The design of voice camera system generally includes definition training and identifies two steps of control.At definition training part, Yong Huke With according to oneself needing by the self-defining phonetic order of mike typing, and these instructions are carried out pretreatment, i.e. preemphasis, Framing windowing and end-point detection, then extract characteristic parameter mel-frequency cepstrum coefficient (the Mel Frequency with noise immunity Cepstrum Coefficient, is called for short MFCC), the phonetic order for all inputs sets up a phonetic feature library.It is being This part of system, user can be with self-defined multiple instructions, it is also possible to update phonetic order storehouse at any time.

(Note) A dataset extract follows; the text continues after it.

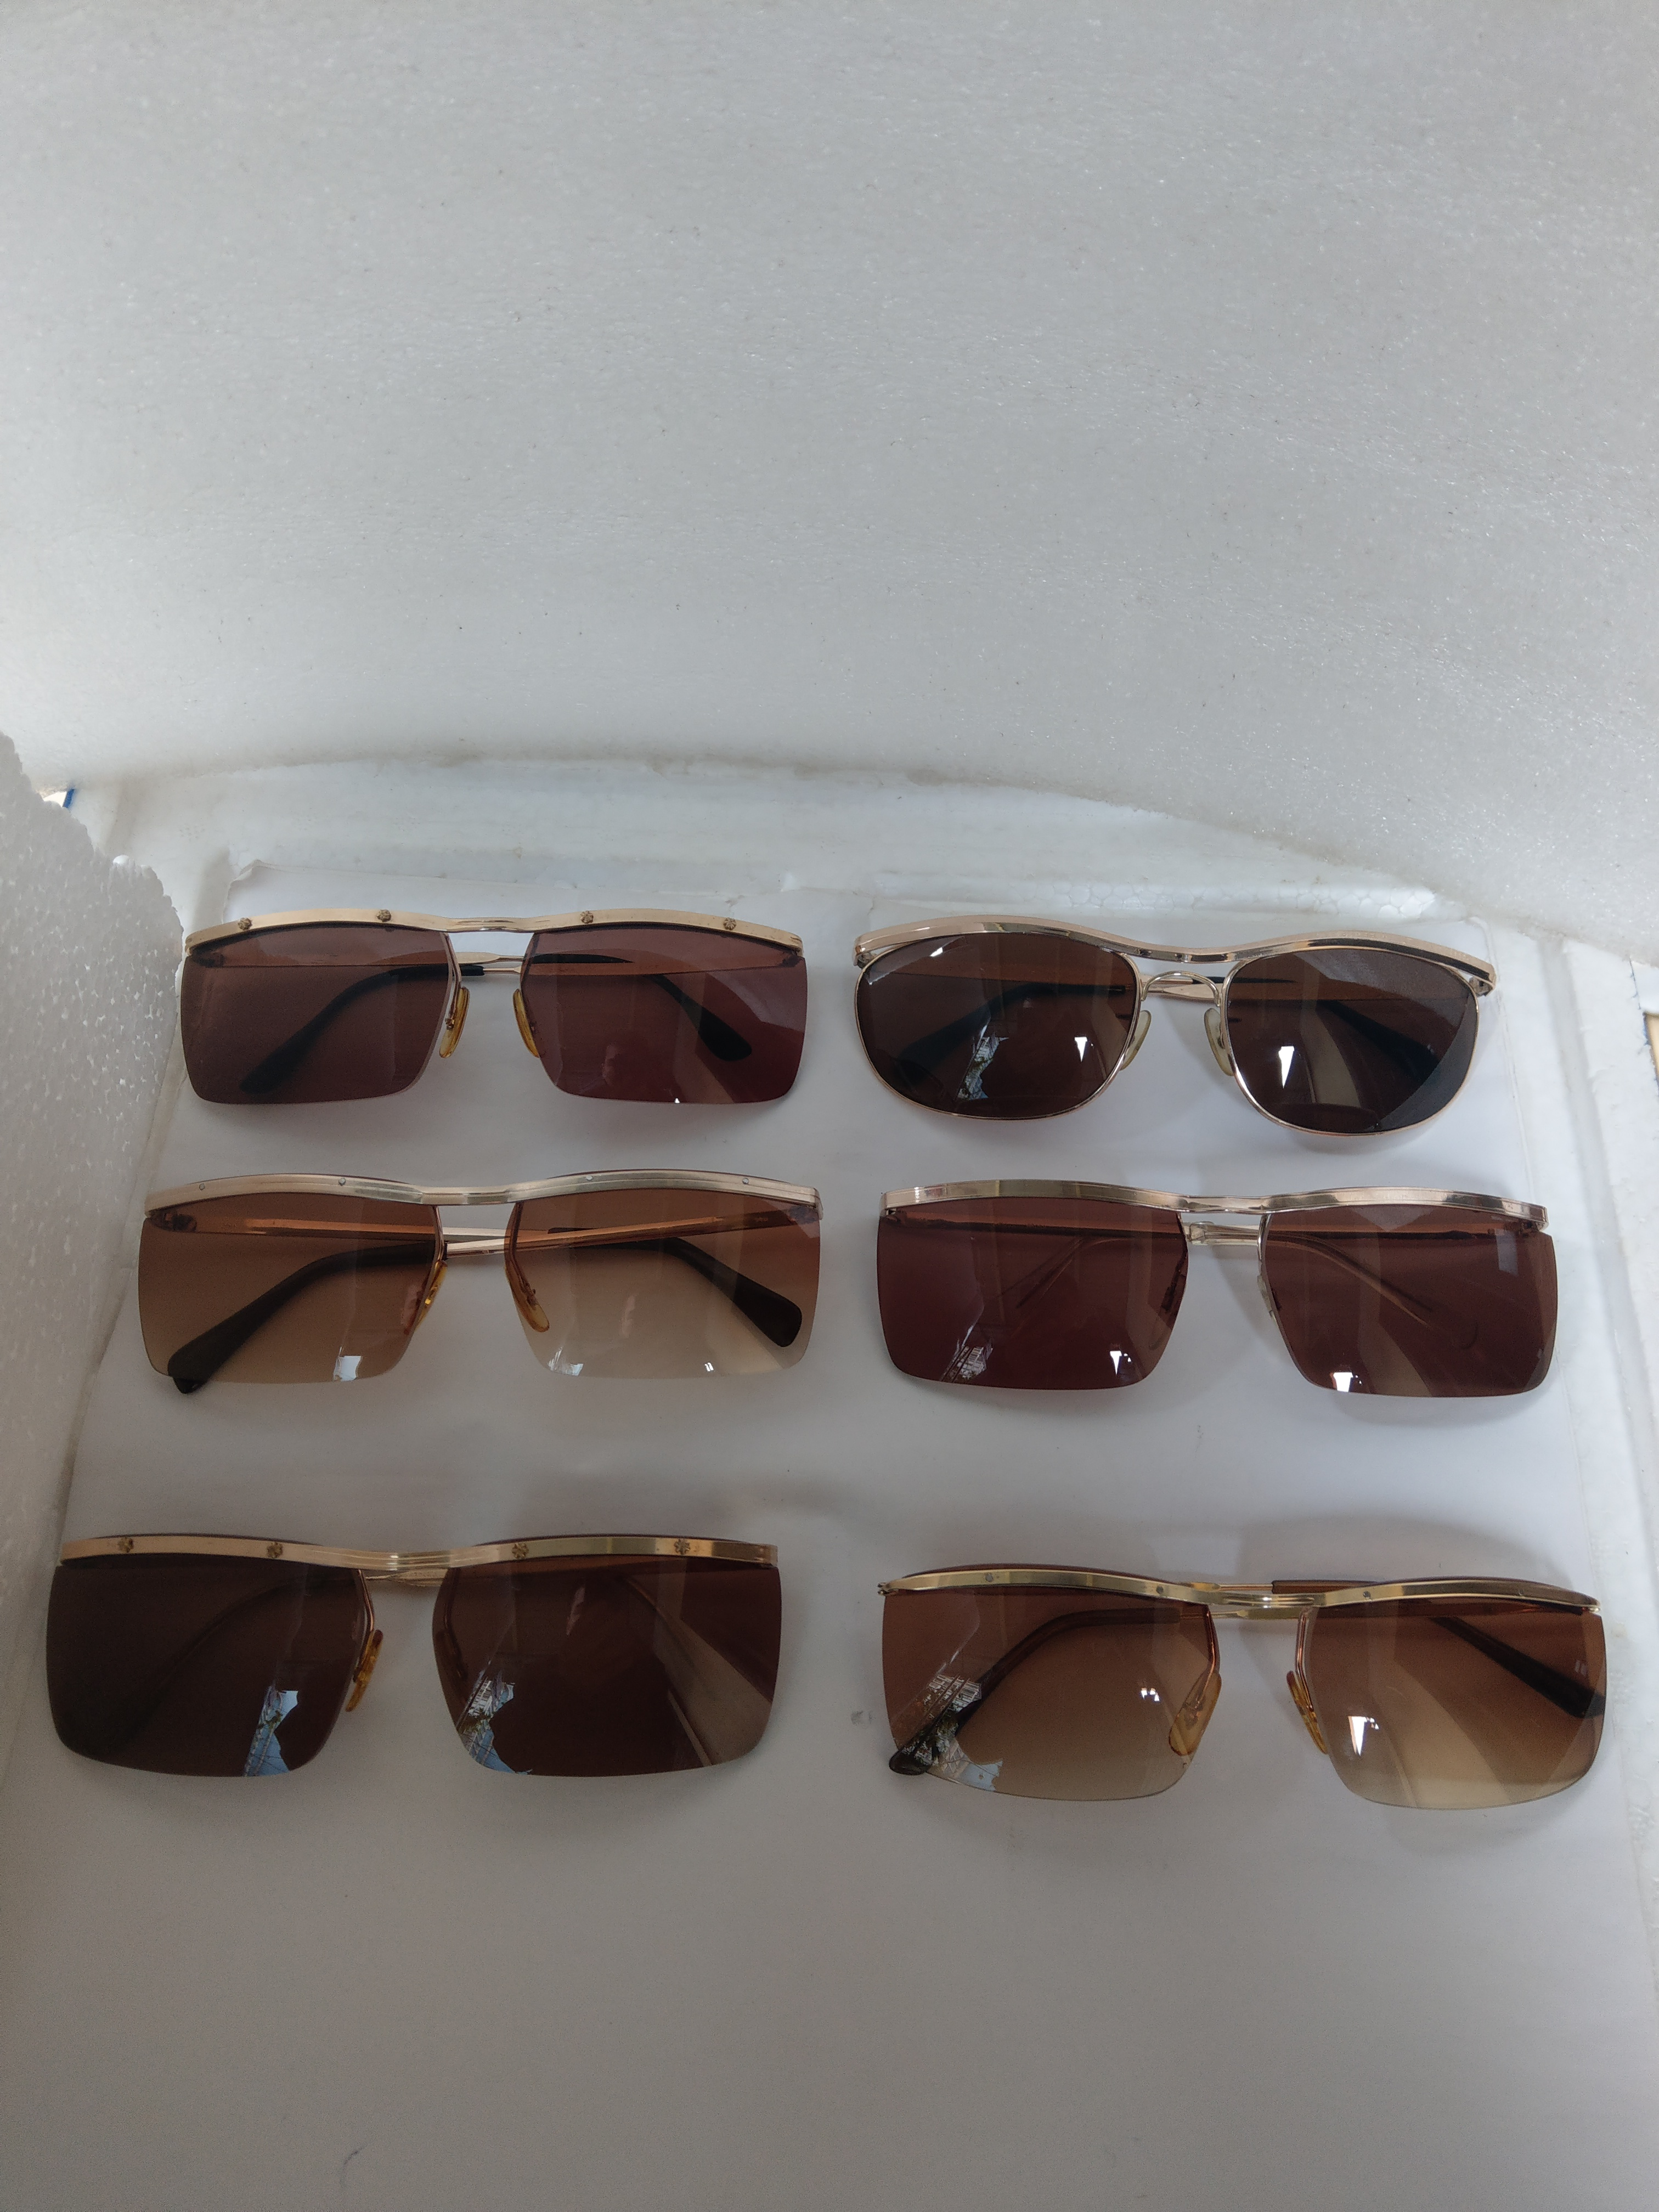 8 Ra mắt 6 cái kính cổ bọc vàng mới về sản xuất thập niên 1950

Control part identifying, it is contemplated that the instruction generally isolated word such as word, word, refer at the voice to be identified that user is inputted After order carries out same pretreatment and feature extraction operation, the method using template matching, i.e. by dynamic time warping (Dynamic Time Warping, referred to as DTW) phonetic order parameter to be identified and fixed reference feature library are carried out distortion measurement, logical Cross search minimum match error and be identified result, perform corresponding phonetic order and take pictures.

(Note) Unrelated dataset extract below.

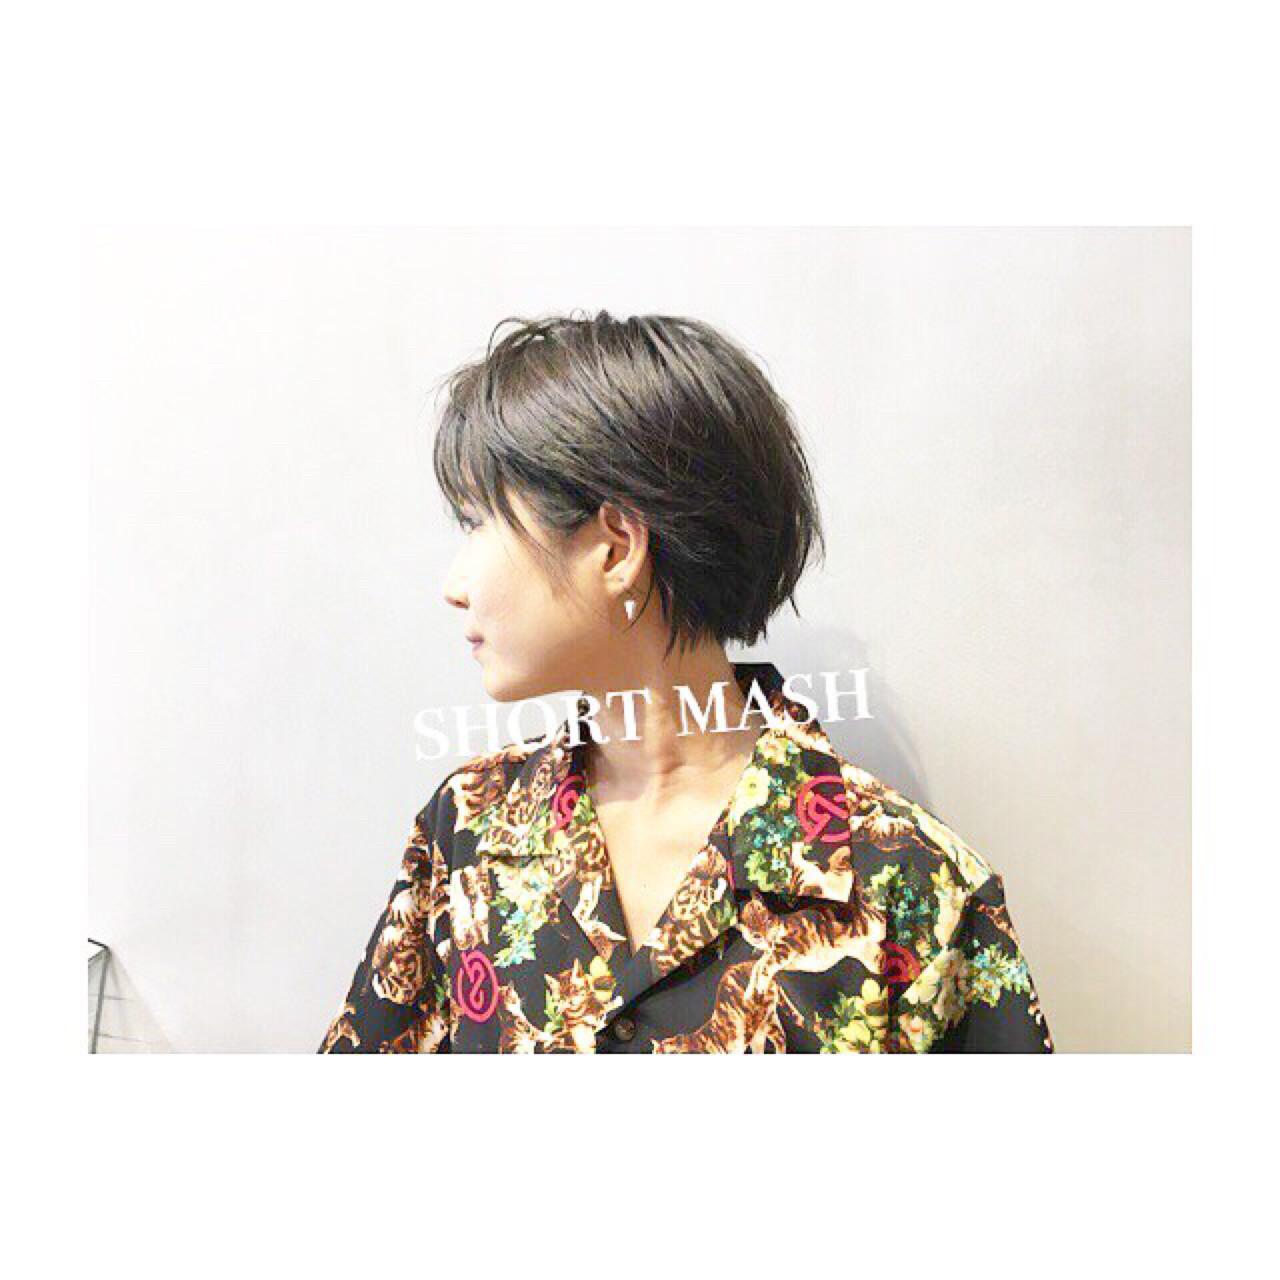 ショート ナチュラル 前髪あり アウトドア ヘアスタイルや髪型の写真・画像

Above in conjunction with accompanying drawing, embodiments of the present invention are explained in detail, but the present invention are not limited to above-mentioned embodiment, In the ken that those of ordinary skill in the art are possessed, it is also possible to make various on the premise of without departing from present inventive concept Change.The above, be only presently preferred embodiments of the present invention, and the present invention not makees any pro forma restriction, although The present invention is disclosed above with preferred embodiment, but is not limited to the present invention, any those skilled in the art, In the range of without departing from technical solution of the present invention, when the technology contents of available the disclosure above makes a little change or is modified to equivalent The Equivalent embodiments of change, as long as being without departing from technical solution of the present invention content, according to the technical spirit of the present invention, in the present invention Spirit and principle within, any simple amendment that above example is made, equivalent and improvement etc., all still fall within this Within the protection domain of inventive technique scheme.

Claims

1. one kind can customize instruction identify voice camera system, it is characterised in that: described system include phonetic order acquisition module, Audio signal pretreatment module, audio signal characteristic extraction module, voice definition training module and language identification control module,

A kind of voice camera system that can customize instruction identification, it is characterised in that: described audio signal Pretreatment module includes pre-emphasis module, framing module, windowing module and endpoint detection module, and voice is referred to by above-mentioned module successively The audio signal of order carries out preemphasis, framing, windowing and end-point detection and processes.

A kind of voice camera system that can customize instruction identification, it is characterised in that: described audio signal Characteristic extracting module includes Fast Fourier Transform Block, Mel bank of filters, logarithmic energy module, discrete cosine transform module, Audio signal characteristic extraction module extracts the characteristic parameter with noise immunity from the audio signal of phonetic order, and described parameter is prunus mume (sieb.) sieb.et zucc. That frequency cepstral coefficient.

A kind of voice camera system that can customize instruction identification, it is characterised in that: described language identification Control module uses the method for template matching, by dynamic time warping by the audio signal parameters of phonetic order to be identified and feature The data of library storage are compared, and carry out distortion measurement.